As a child, Miles Jai’s (she/they) hair was always shaved. Jai is a Los Angeles-based nonbinary trans femme whose presence on YouTube since 2011 has garnered them over 600,000 subscribers.
Jai always felt indifferent about their hair—at least until fifth grade when they grew it out for the first time. Although it was fun for them, they lacked the information to know what to do with their hair.
“Eventually it started stressing me out because I would need help combing it out, and I remember crying because I wanted to cut it off,” they said. “I was so tender headed!”
In ninth grade, Jai chemically straightened their hair without their parents’ permission, which marked the start of their transition. “The way I acted and presented myself changed, and I allowed myself to be more me,” said Jai, who got bolder over time with their hairstyles, from extensions, to bleaching, dyeing and even a wig review series. “It was really fun!”
Jai tells Reckon that hair is their playground and a way to express their identity and how they feel on a given day, though they noticed that people’s perspective of them changes depending on what their hairstyle is.
Back in 2017, Jai released a video titled, “SOMEONE PUT GUM IN MY HAIR.”
On a night out clubbing, they happened to be androgynous-presenting, or “in a gender limbo,” as they phrased it in the video. While dancing in one of the rave rooms, a person passed behind Jai and stuck gum in their hair.
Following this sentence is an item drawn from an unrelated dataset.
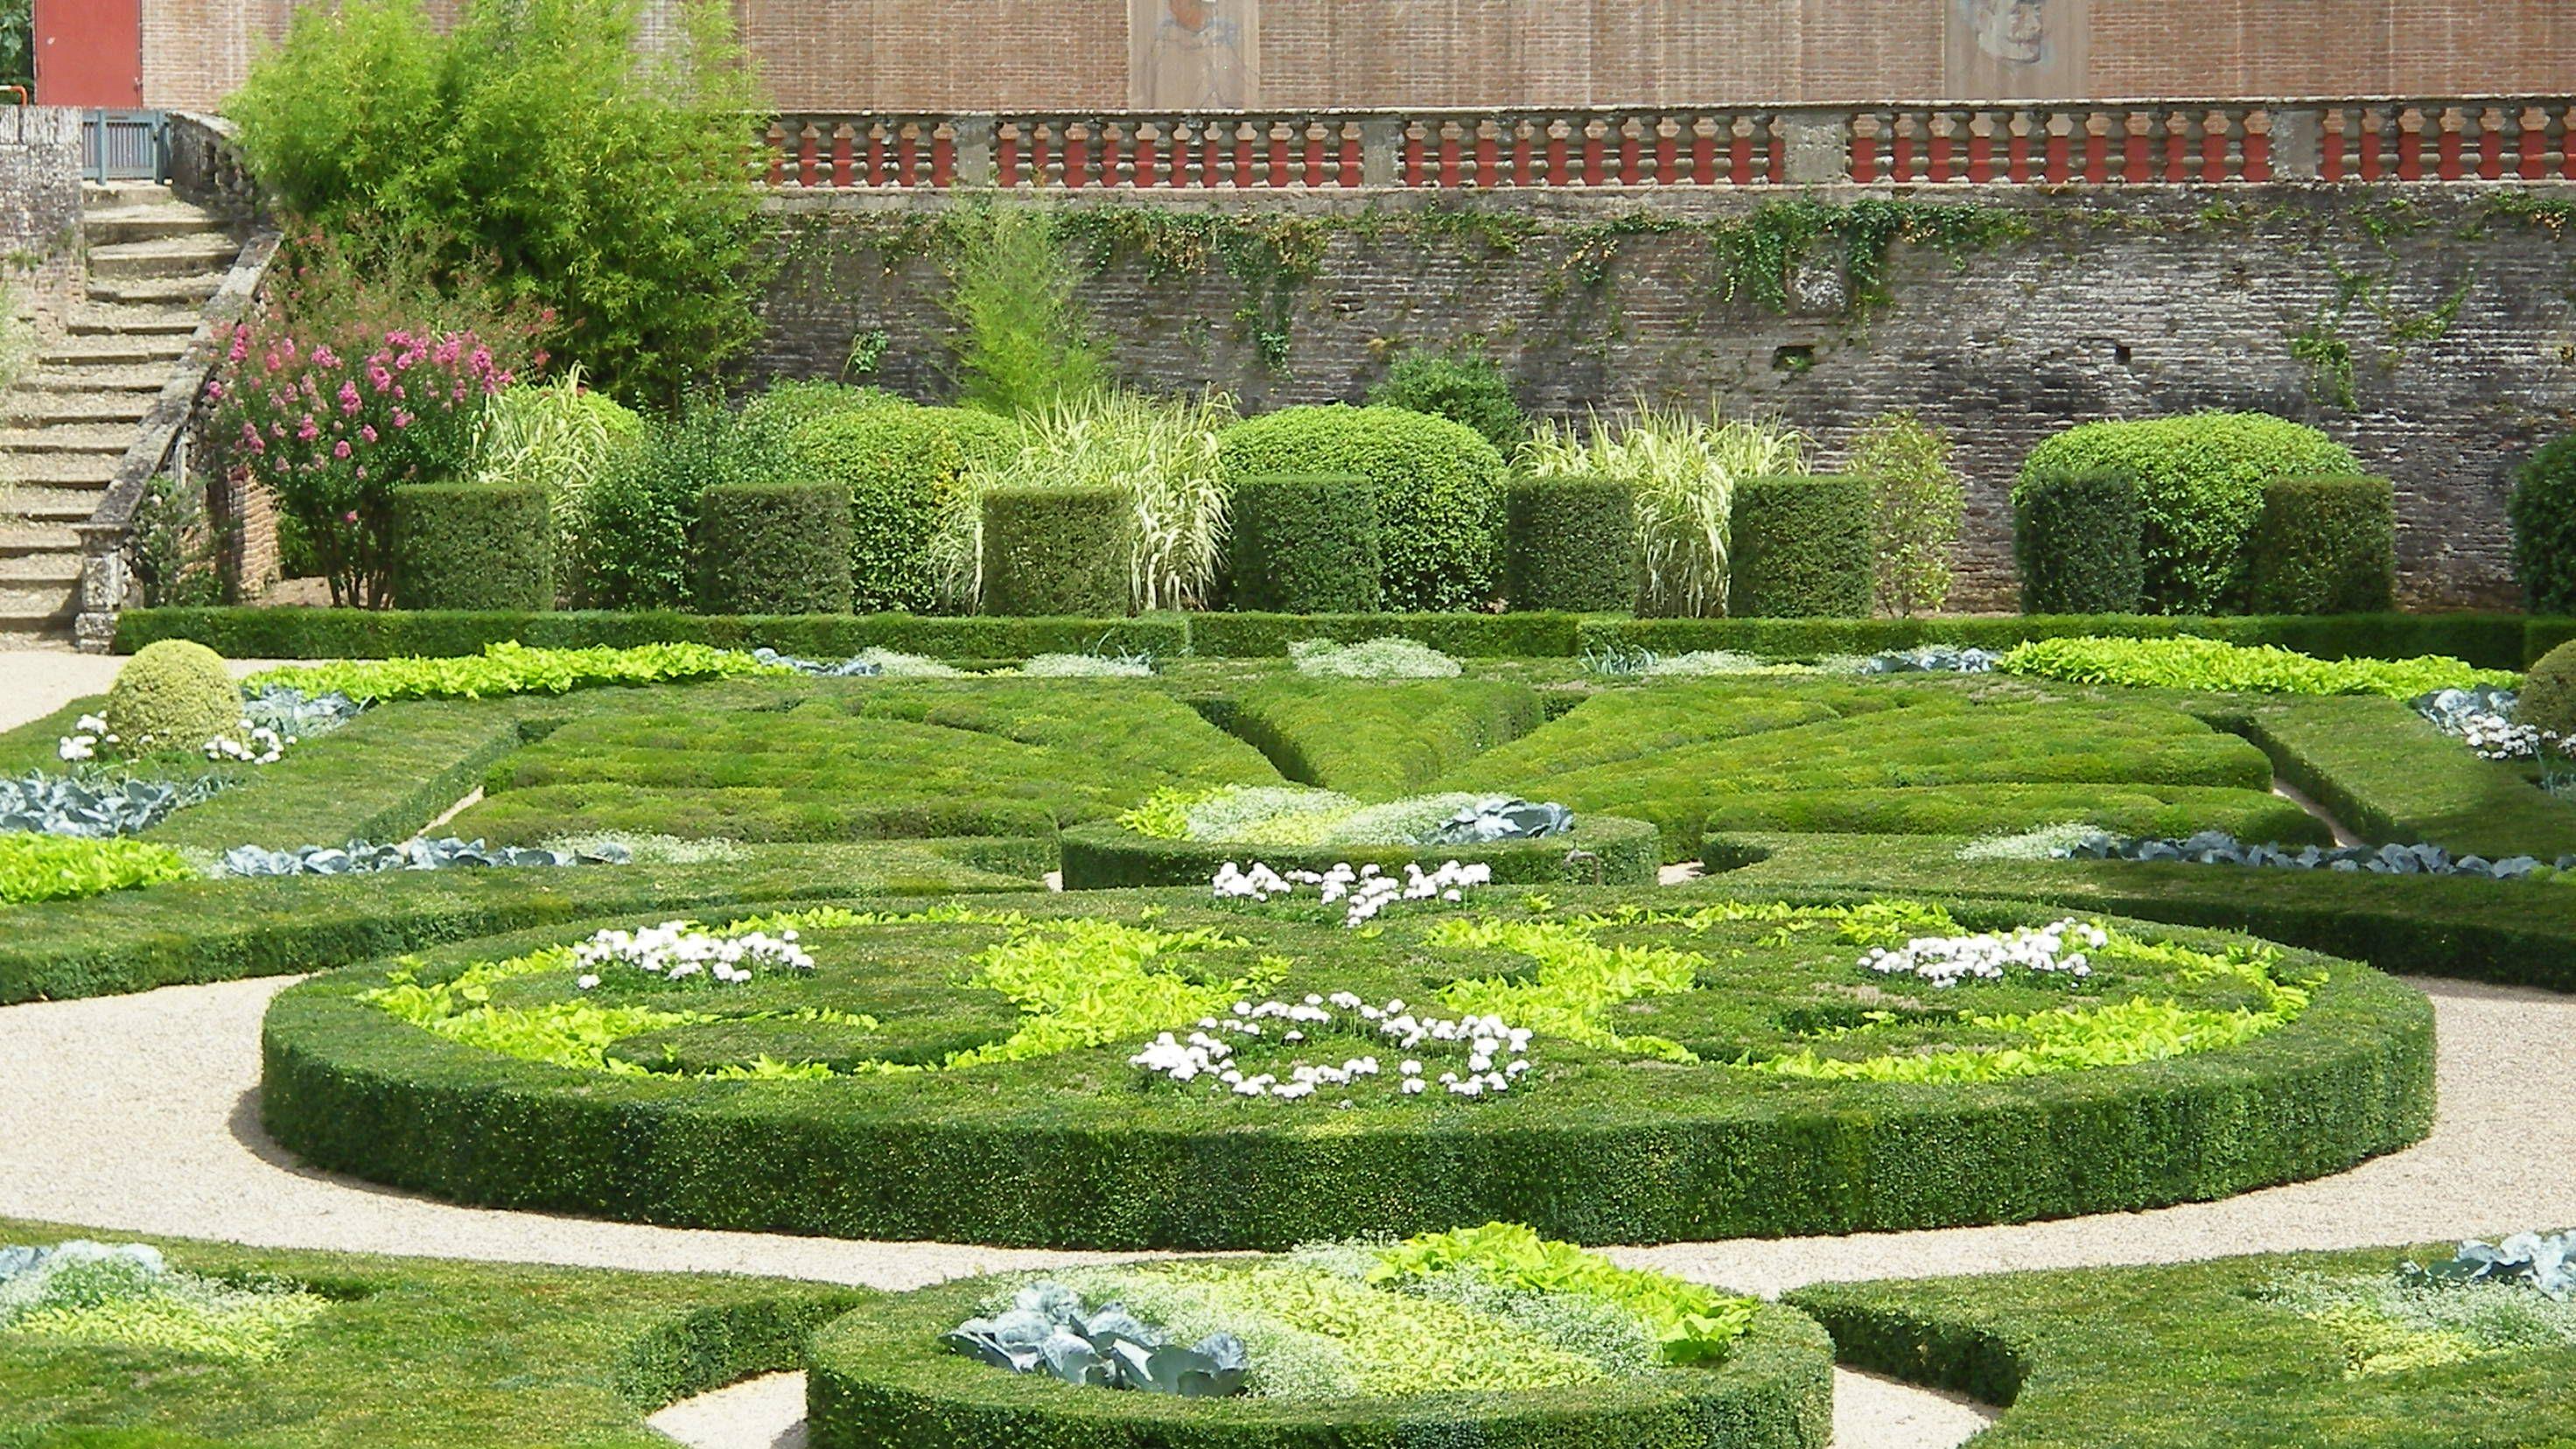 Albi jardins du palais de la berbie class s jardins for Jardin 4 saisons albi

To Jai’s benefit, it was a wig that the gum was stuck to.
“I was violated in a public space, and I was angry and embarrassed about that moment,” said Jai, noting that it was their favorite wig. Since there was nothing they could have done about it, Jai resigned to staying and ended up having a good rest of the night regardless. “Wearing a wig saved my actual hair that night! Clearly someone wanted me bald.”
This incident shifted Jai’s perspective on the susceptibility of being a Black trans person in public, especially when it comes to hair. “Leave it the fuck alone,” they said. “Unless you’re Black and/or trans, I don’t want you near my hair, talking about my hair—unless it’s a compliment—or touching my hair. I am very protective over it.”
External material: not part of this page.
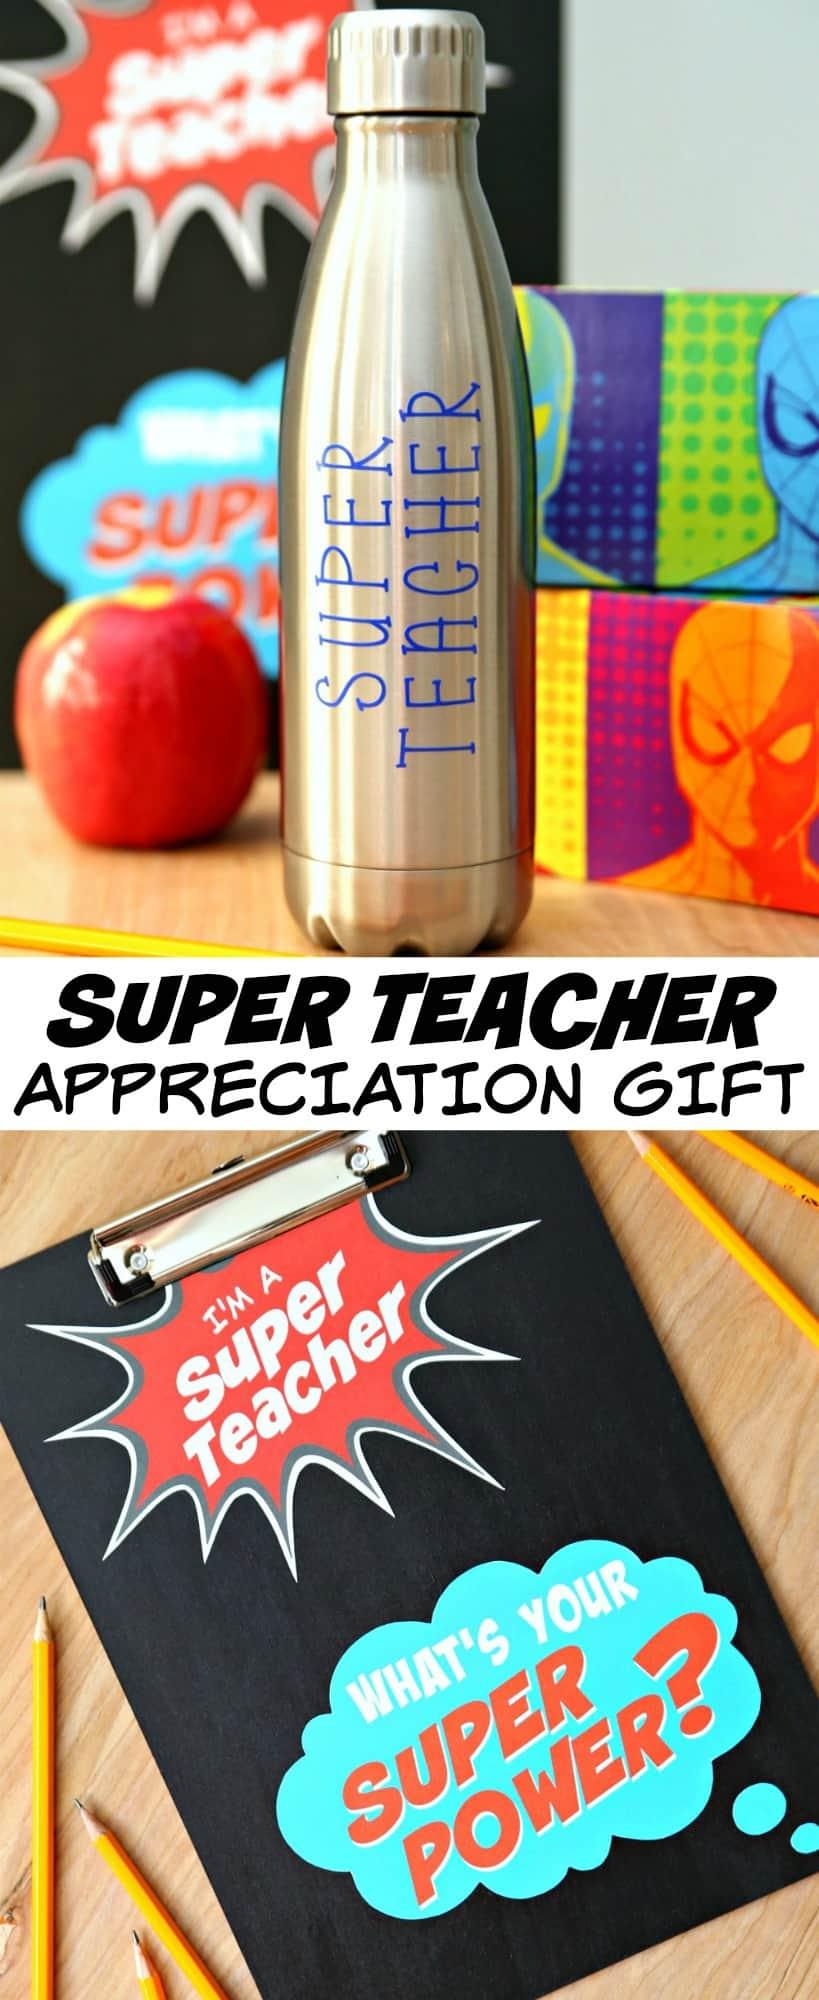 Super Teacher Appreciatio Gift 2

Akeelah Blu (she/her) was forced to get a haircut because she was not allowed to grow her hair out until she was 14. Blu is a trans drag performer based in Huntsville, Al., whose performance debuted on season 2 of We’re Here where Bob The Drag Queen was her drag mother.
When she started to grow her hair out, her younger sister Tamara practiced hairstyling on Blu.
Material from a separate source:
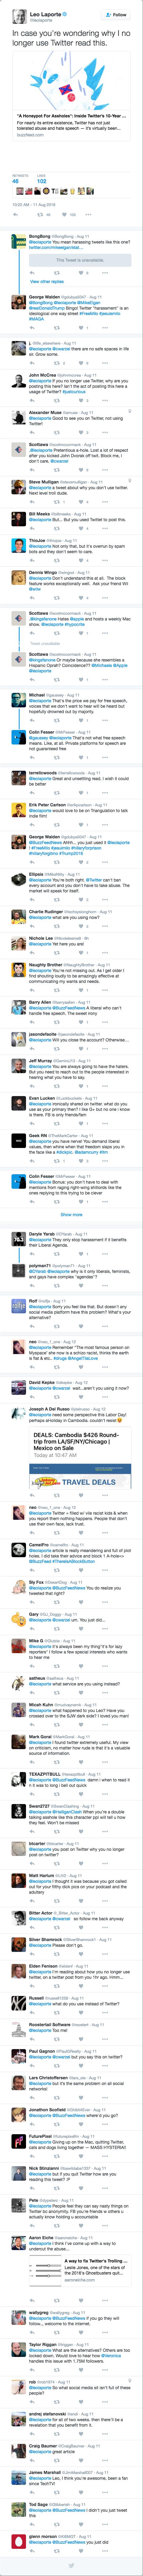 Reactions to Leo Laporte on Twitter

“She just got better and better, so we just started experimenting,” said Blu, who wore yarn braids—not only because it was a protective style, but also because it was gender-neutral. “[My sister] got so good at it that people started asking her to do their hair.” Now, Blu’s sister does hair for a living, including styling Blu’s hair in and out of drag.
Although Blu always wanted long hair, she put transitioning in the back of her mind out of the need to make a living, which also meant holding off on colorful feminine hairstyles.
“I saw only two futures for me: if I transitioned, my full-time job would have been prostitution or credit card scamming because that’s like the only way I will be able to make money as myself,” she said. “No one was going to hire me—this was 2006; there was no type of salvation for people like me.”
Her yarn braids, then, were a piece of identity she could hold onto, as it “made me feel like the woman that I was in a very undercover way.”
Since her cameo on We’re Here, she’s taken on the art of drag performance full time, having found a new passion. She tells Reckon that hair is not only a part of her, but also a part of her performances and shows. “It’s my crown,” she said.
Blu wishes for non-Black people to do research and try to understand Black hair because it’s natural. Once that part is achieved, the simple fun and pleasure of hair can begin.
Blu puts it succinctly on behalf of Black trans women and femmes who value hair—of all kinds.
“When I get my hair done, I feel like a brand-new bitch.”